Raw data:
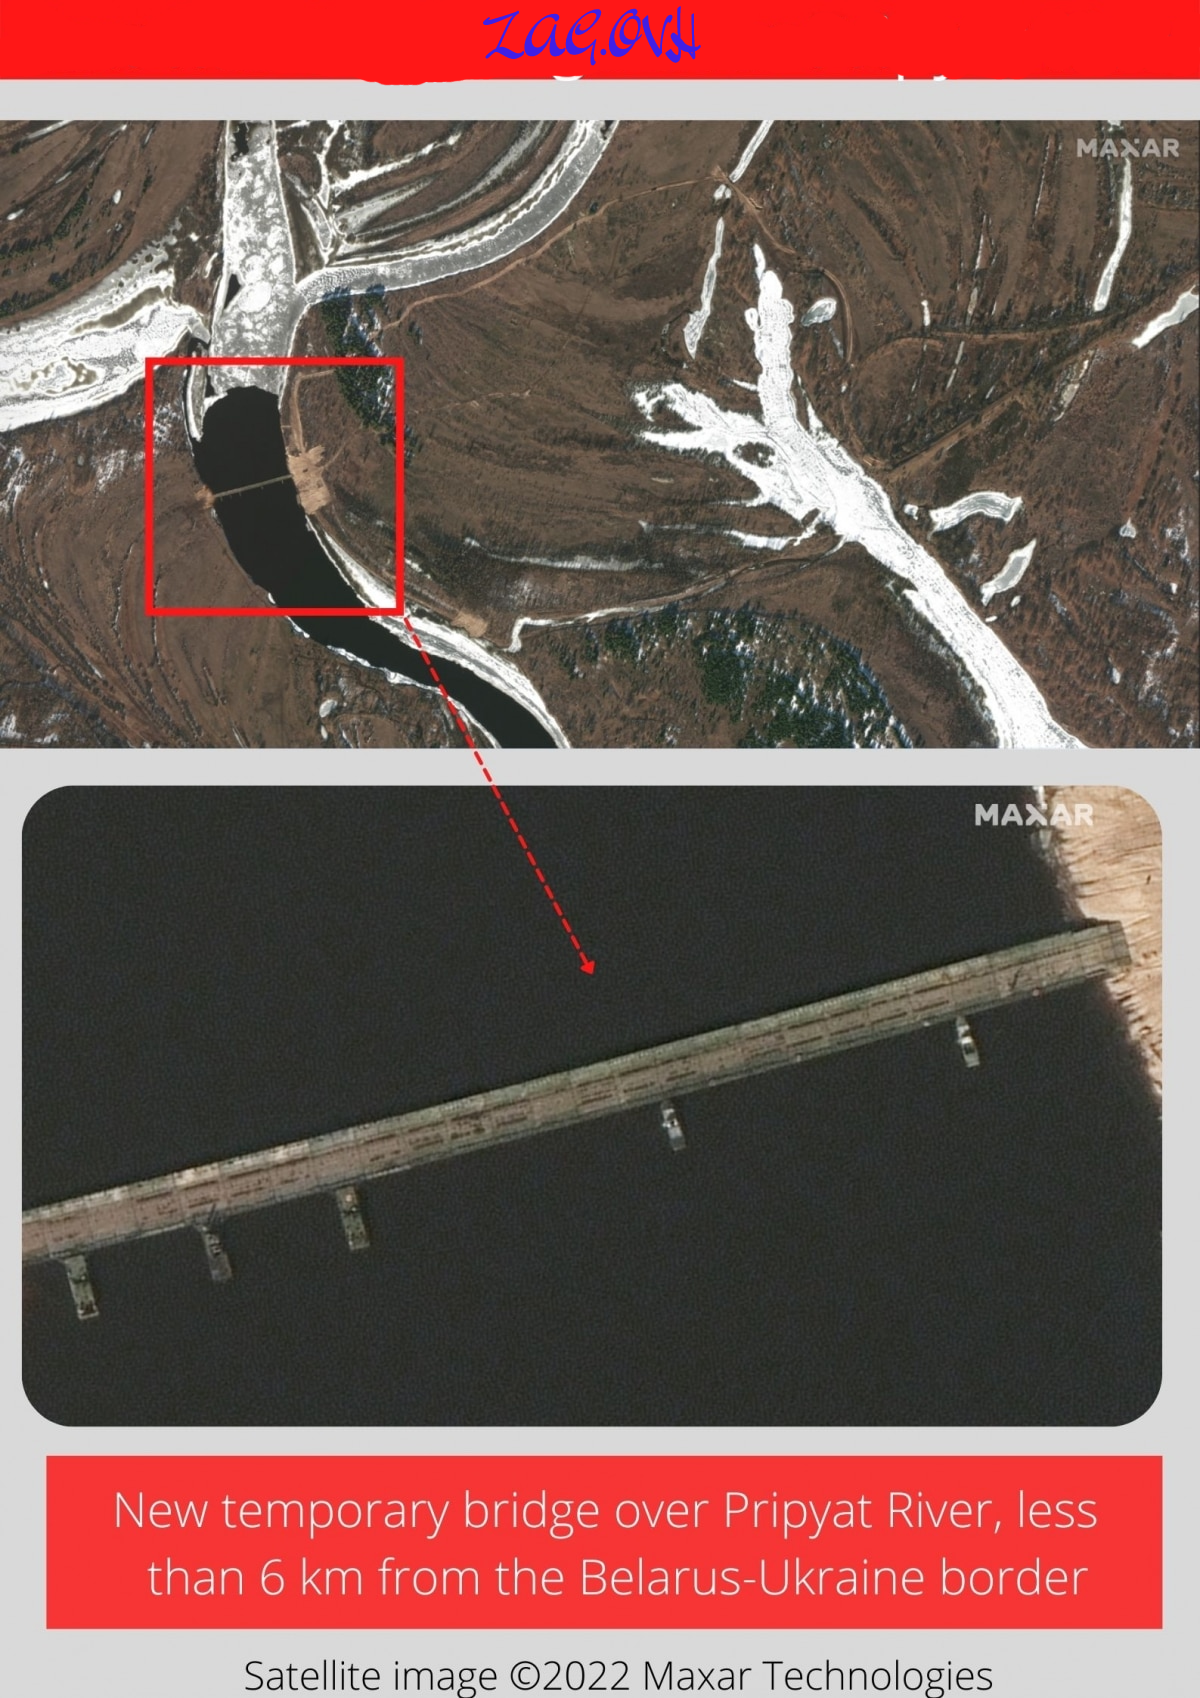 Despite Russia's claims of troop withdrawal, satellite images show a new bridge near Ukraine
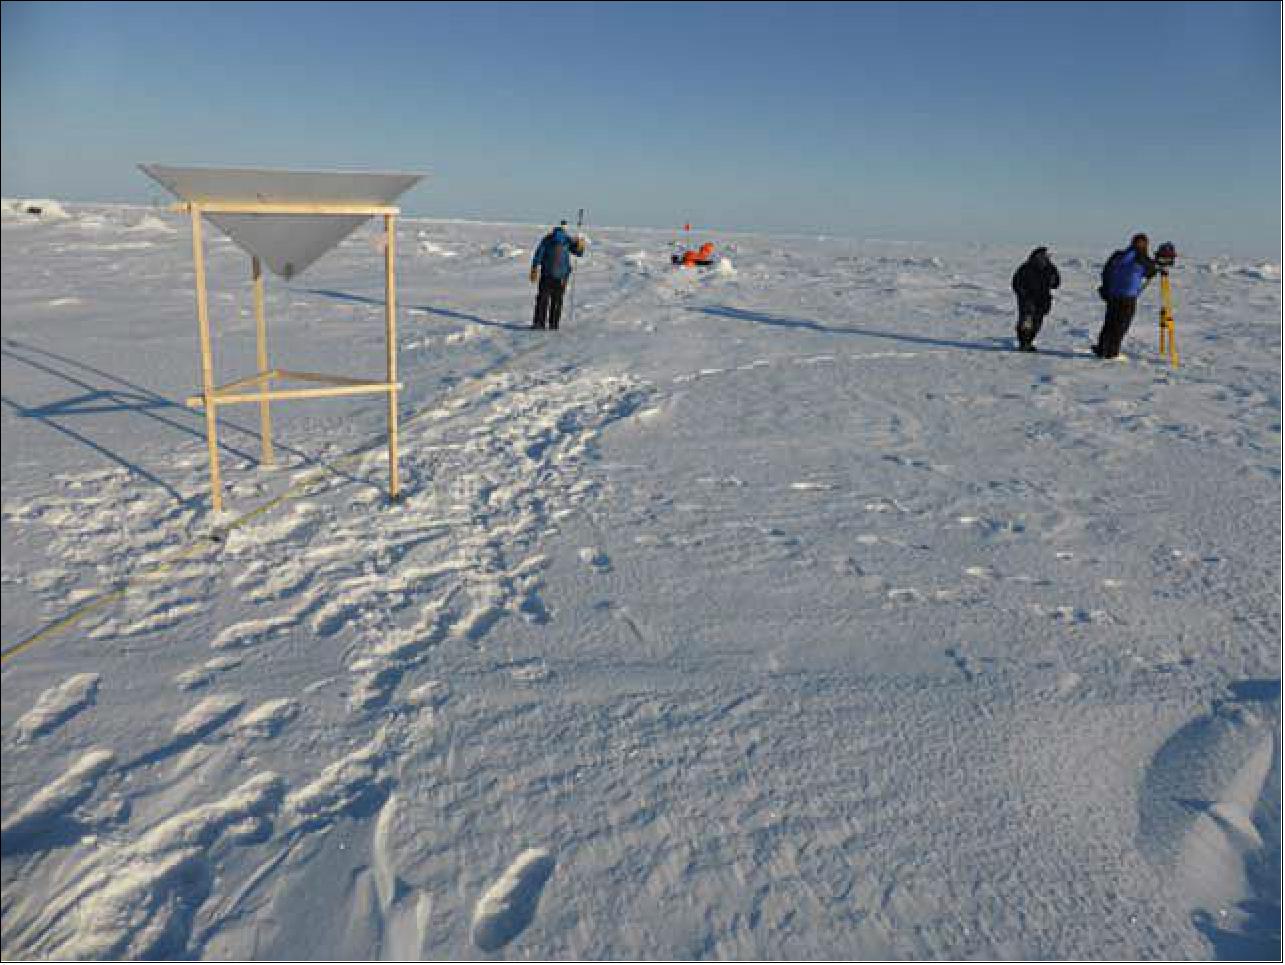 Figure 27: Ground measurements at Camp 2 in the Beaufort Sea. Photo shows Eastern corner reflector, Magnaprobe snow thickness measurement, row of orange garbage bags (background), and terrestrial laser scanner (image credit: YU)
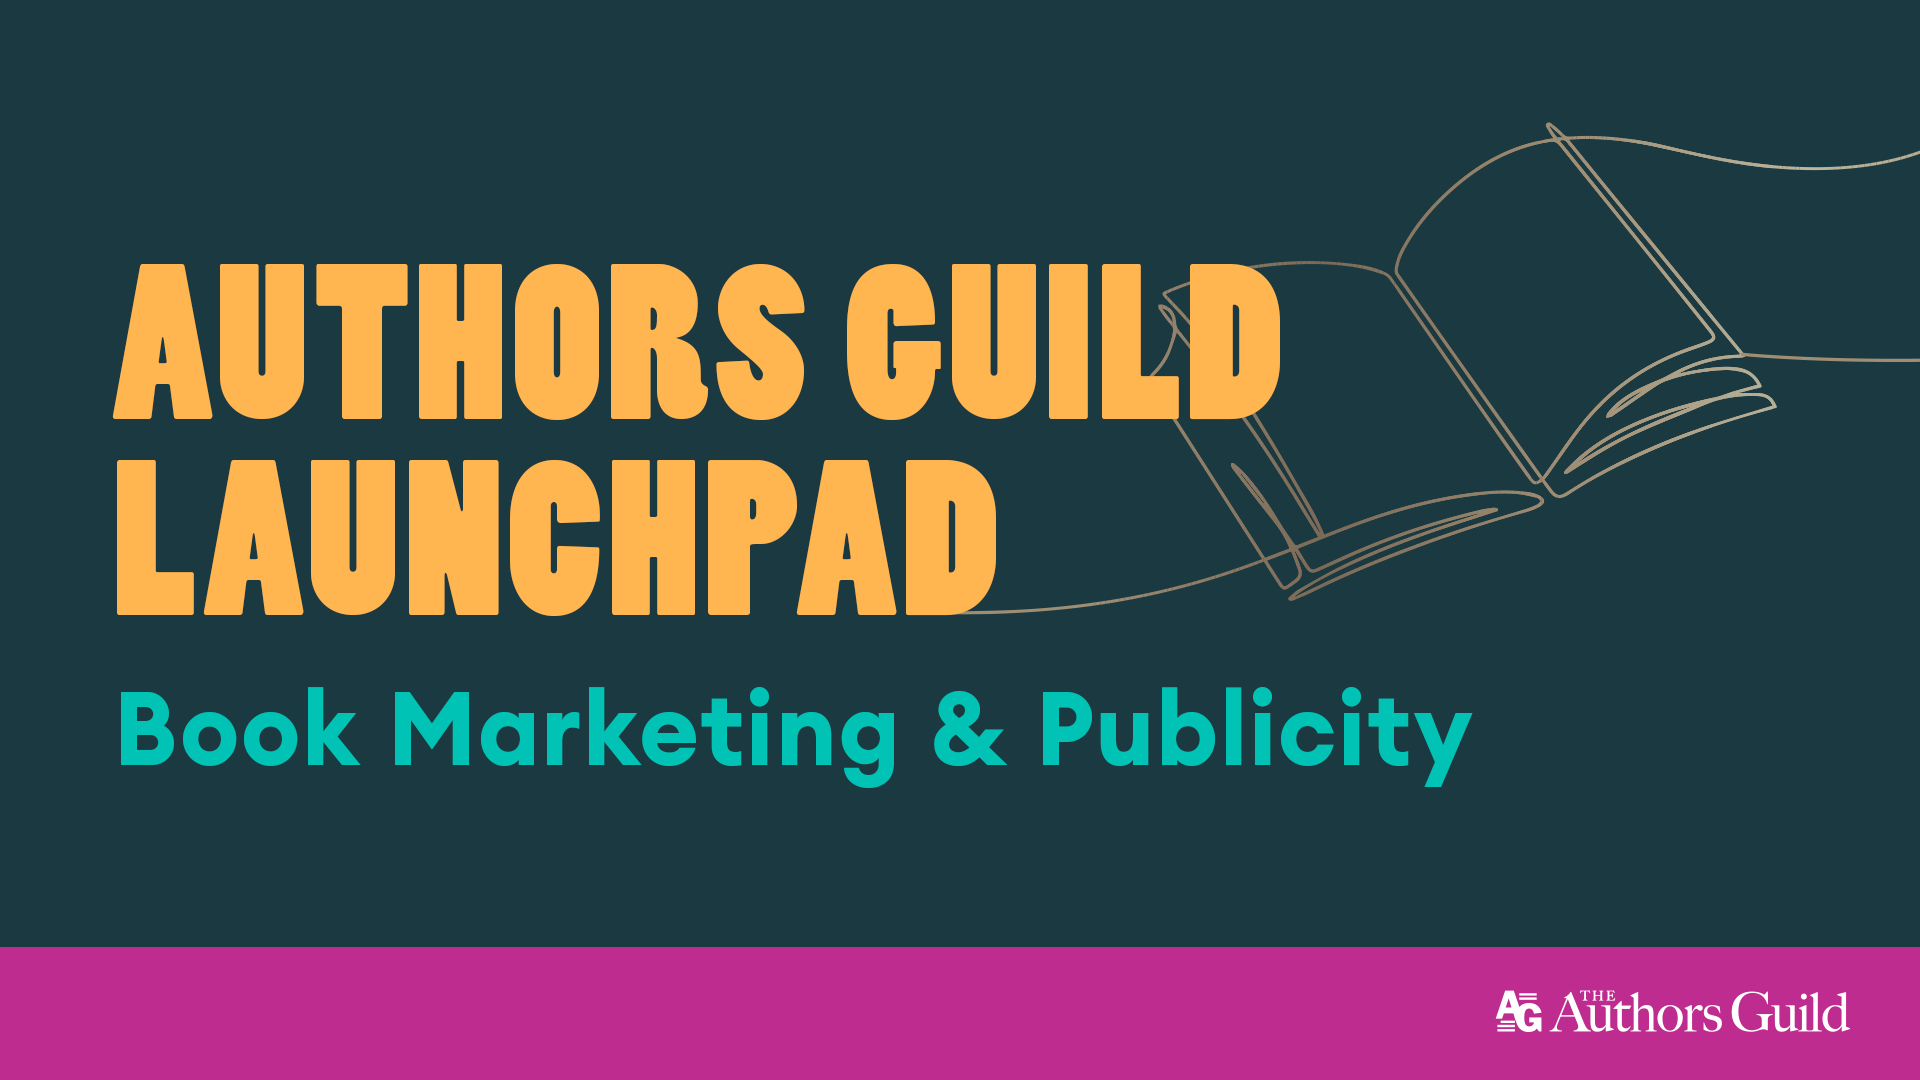 Authors Guild Launchpad Book Marketing & Publicity

To do:
Return the listing unchanged, but drop every picture.

Task answer:
 Despite Russia's claims of troop withdrawal, satellite images show a new bridge near Ukraine
 Figure 27: Ground measurements at Camp 2 in the Beaufort Sea. Photo shows Eastern corner reflector, Magnaprobe snow thickness measurement, row of orange garbage bags (background), and terrestrial laser scanner (image credit: YU)
 Authors Guild Launchpad Book Marketing & Publicity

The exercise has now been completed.